Reputation: 81
I have a Pandas DataFrame like this one:
import numpy as np
import pandas as pd
np.random.seed(1234)
midx = pd.MultiIndex.from_product([['a', 'b', 'c'], pd.date_range('20130101', periods=6)], names=['letter', 'date'])
df = pd.DataFrame(np.random.randn(len(midx), 1), index=midx)
That dataframe looks like this:
0
letter date
a 2013-01-01 0.471435
2013-01-02 -1.190976
2013-01-03 1.432707
2013-01-04 -0.312652
2013-01-05 -0.720589
2013-01-06 0.887163
b 2013-01-01 0.859588
2013-01-02 -0.636524
2013-01-03 0.015696
2013-01-04 -2.242685
2013-01-05 1.150036
2013-01-06 0.991946
c 2013-01-01 0.953324
2013-01-02 -2.021255
2013-01-03 -0.334077
2013-01-04 0.002118
2013-01-05 0.405453
2013-01-06 0.289092
What I want to do is to keep all rows based on a condition on date which depends on the letter. For instance,
All this information could be stored in a dictionary for instance.

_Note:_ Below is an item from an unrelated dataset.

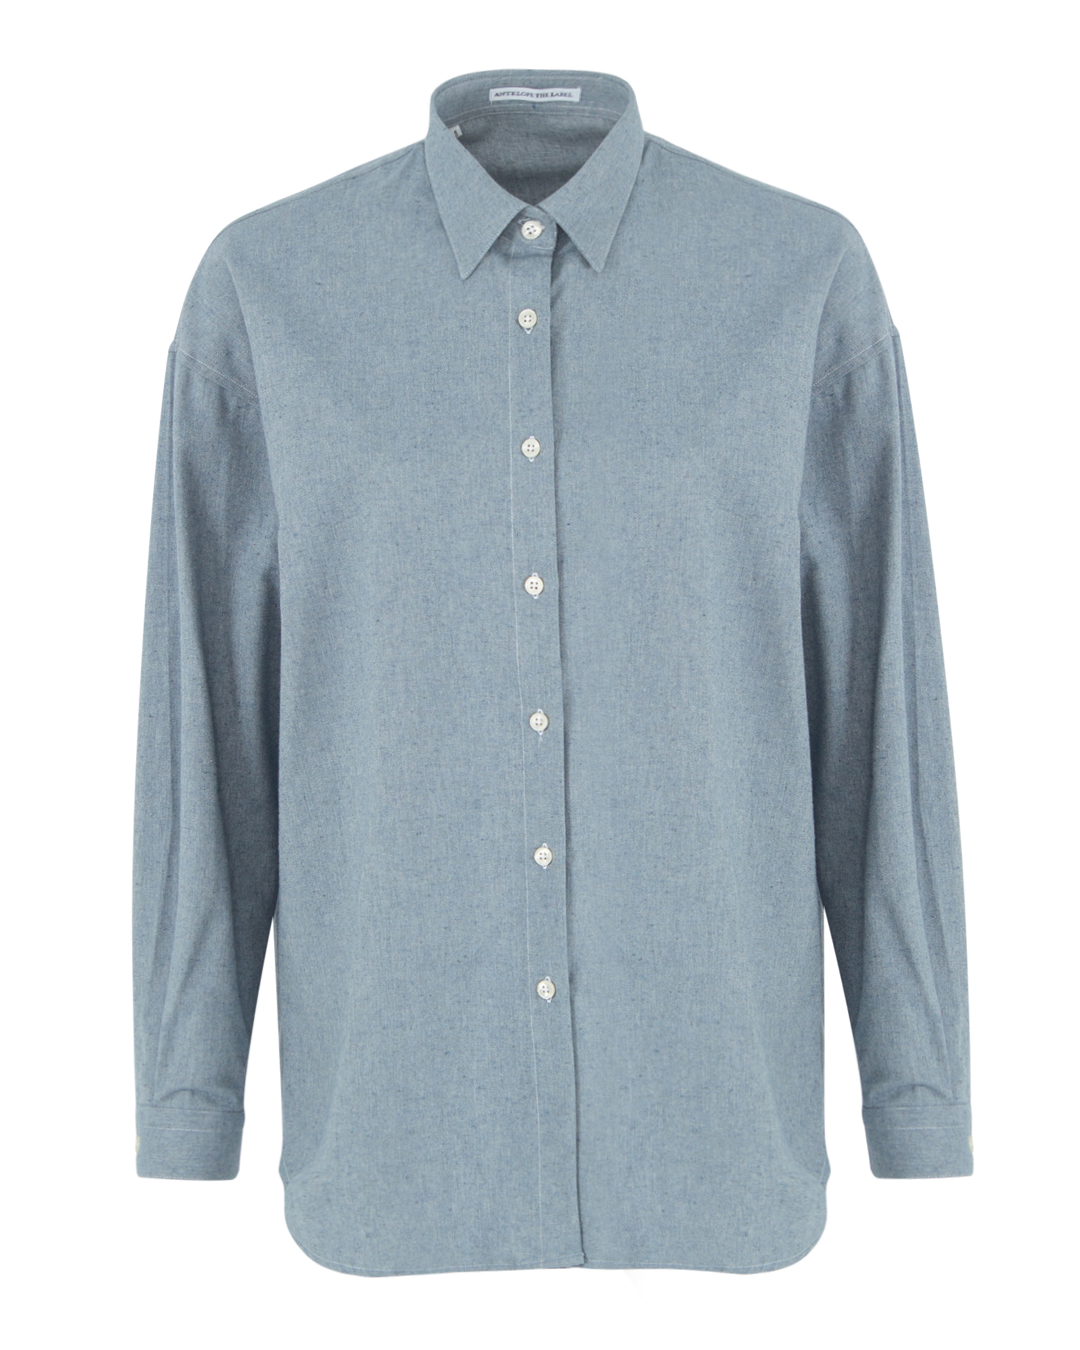 хлопковая рубашка ANTELOPE THE LABEL A2.823 синий l, размер l - фото 1

dictionary = {"a": slice("20130102", "20130105"),
"b": "20130103",
"c": slice("20130103", "20130105")}
Is there an easy way to compute this with pandas? I did not find any information about such filtering.
Upvotes: 7
Views: 2170
Reputation: 76917
You could use query
, it is designed for this kind of selection criteria.
If you slightly modify your dictionary
you can generate your desired query with the help of a list comprehension:
In : dictionary
Out:
{'a': ('20130102', '20130105'),
'b': ('20130103', '20130103'),
'c': ('20130103', '20130105')}
In : df.query(
' or '.join("('{}' <= date <= '{}' and letter == '{}')".format(*(v + (k,)))
for k, v in dictionary.items())
)
Out:
0
letter date
a 2013-01-02 -1.190976
2013-01-03 1.432707
2013-01-04 -0.312652
2013-01-05 -0.720589
b 2013-01-03 0.015696
c 2013-01-03 -0.334077
2013-01-04 0.002118
2013-01-05 0.405453
For more information on what the query statement is actually doing, here's details on the list comprehension:
In : (' or '.join("('{}' <= date <= '{}' and letter == '{}')".format(*(v + (k,)))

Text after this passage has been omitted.